Front Output Beef
Most early NP205 units came with the 10-spline, 1.25-inch front output shaft. Later ones came with a 30-spline, 1.25-inch shaft which is stronger, but it still isn't the best available. For serious beef we chose the 32-spline, 1.401-inch shaft, which was found in many Ford and Dodge versions.
The 10-spliner is used for a 1310 series U-joint or CV, or a 1350 U-joint. The 30-spline worked with a 1310 CV or the 3R CV, or Saginaw type. The burly 32-spline can use a yoke for a 1310, 1330, or 1350 CV or U-joint, and even the 1450 size joint and a few other weird options. If you need the strength of the biggest, this is the one for you.
Gender Changes
The input gears available for the 205 are many, but the main differences are male (external splines) and female (internal splines). The NP205 used these three female input gears. From left to right: Long 32-spline for the TH400 and some late SM465 trannies, short 32-spline for the TH400, and the 31-spline for Ford applications. The transmission output shaft fits directly into the input gear without a sleeve for the best arrangement, with no extra slop to develop from a sleeve. We chose the short 32-spline for our bulletproof 205.

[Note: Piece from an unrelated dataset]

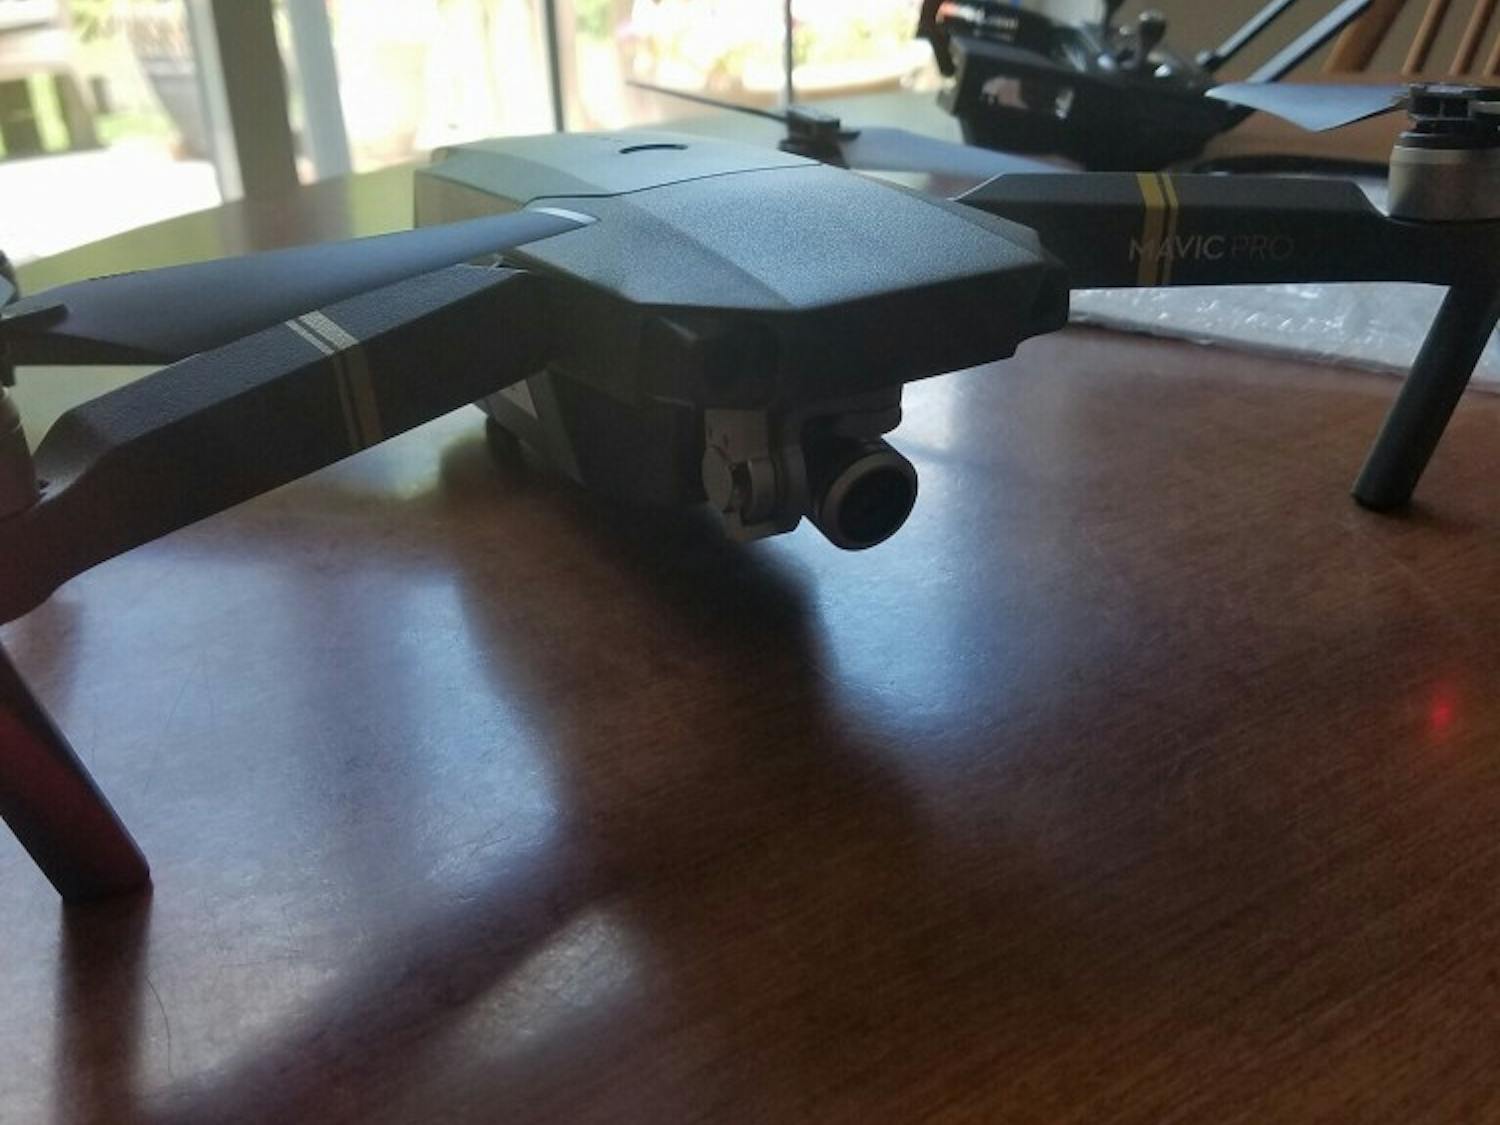 A drone
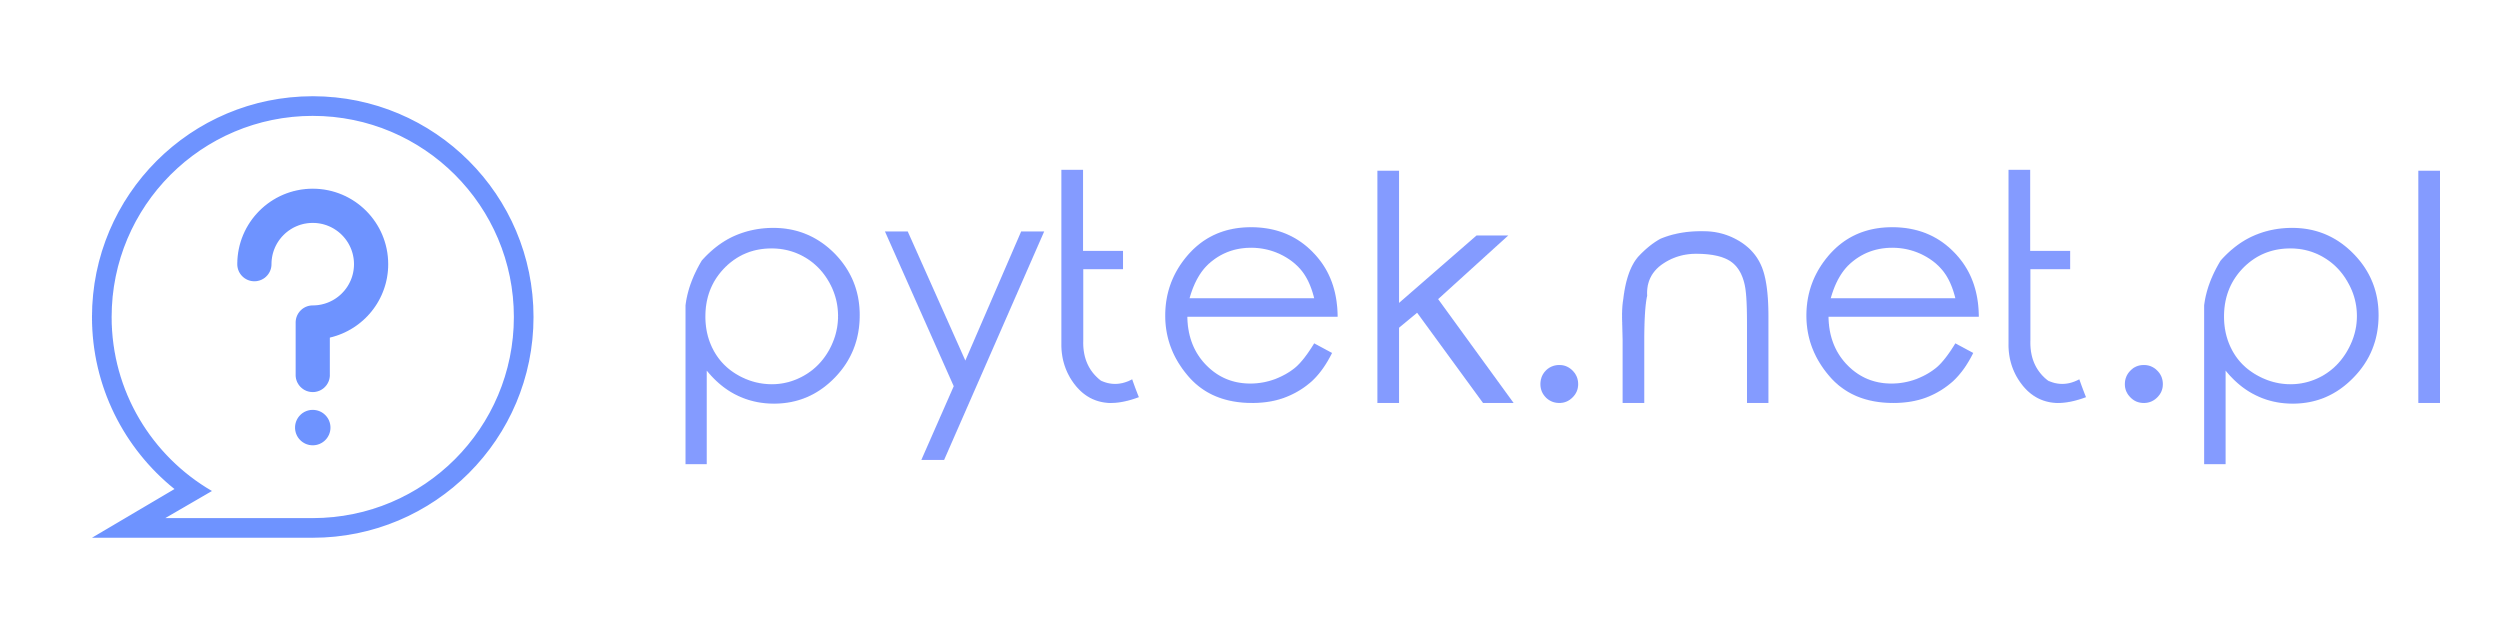 Pytek.net.pl

GM also used external-spline input gears, which required the use of a sleeve to couple to the transmission. From left to right: Fixed yoke for remote use, 10-spline for the early SM465 manual transmission, 27-spline for the TH350, and 29-spline for the early Dodge diesel manual applications. Not shown here is the 23-spline for Dodge gas engine and diesel automatic applications.

Twin-Sticking It
The standard 205 shifter is a single lever running two shift rails to provide high 2WD, high 4WD, neutral, and low 4WD. These shifters aren't available anymore, but Performance Gear & Axle makes its own stock-style replacements for Ford, Chevy, and Dodge applications. In a stock 205, the interlock pin between the shift rails prevents any other combo of positions, which is both good and bad. We like to have independent control of the rails so we can have the same positions as stock, but also have low rear-wheel drive only, and low front-wheel drive only. But simply removing the interlock pin will allow the case to be put into high and low range at the same time, which is not a good thing.

By modifying the rails properly you can get high, neutral, and low out of both the front and/or rear output, without having one in low and the other in high. Both range and mode shafts should be modified, but we decided a set of modified rails from Off Road Design was best, as the detents and reliefs are machined to precision, rather than just guessing at what approximate amount to grind off. With ORD's twin-stick conversion, we'll have every option we need. If you must do it yourself, check out "Twin-Stick 205", an article about homemade twin-stick mods to do the same thing.